Earlier, another A -share pig raising giant Muyuan (002714.SZ) also said when returning to investors on May 30 that the company constructed a distributed photovoltaic power generation project on the roof of the pigs and slaughtering factories to optimize energy energy. Use structure to improve the level of green development. At present, the Muyuan meat photovoltaic project has been put into operation.

Why do breeding companies prefer layout of photovoltaic roofs? The industry generally believes that the model of "raising pig+photovoltaic" may help to achieve complementary advantages of both parties.

Qi Haihuan, president of Beijing's Sunshine New Energy, said that any company's subject can use its own social resources and roof resources to participate in the development and construction of new energy power stations to obtain regular income other than its own business. This is not a cross -crossing cross boundary. Taking Zhengbang Technology's above project as an example, according to the current market price of 4 yuan/watt investment cost, 10 million kilowatts corresponding to 40 billion yuan in investment is reasonable.
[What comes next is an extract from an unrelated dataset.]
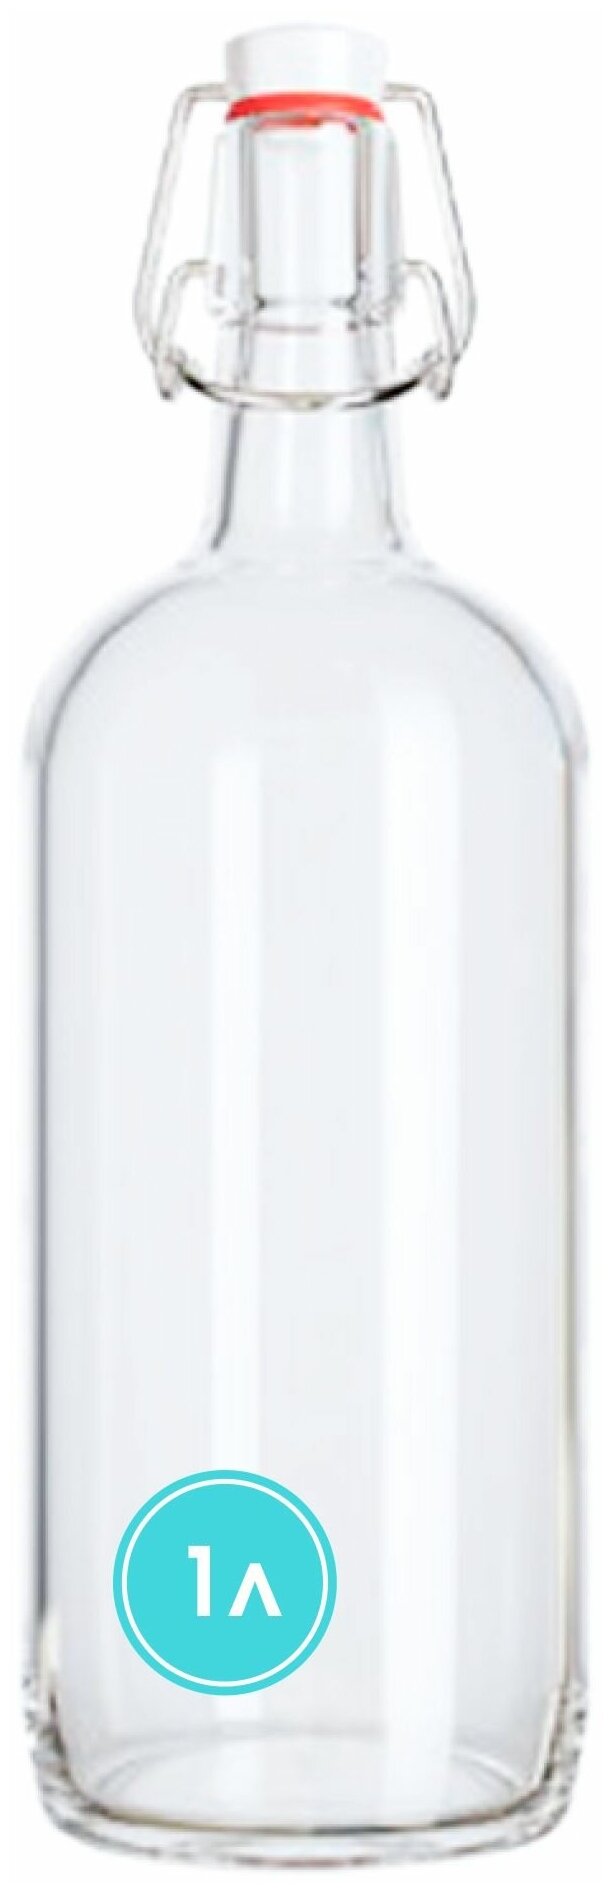 Бутылка бугельная с пробкой 1 литр светлое стекло / Для масла / Для вина / Для настоек / Для сока / Пивная бутыль.

Assuming that Zhengbang Technology can charge 5 cents/degree of "resource fee income", one MW photovoltaic power station is calculated based on 1 million degrees of electricity in a year, which is the earnings of 50,000 yuan a year, and the 10GW power station project has a one -year revenue. It is about 500 million yuan, but the 10GW project may take more than 5 years to complete.

(This article was published in "China Economic Weekly", No. 12, 2022)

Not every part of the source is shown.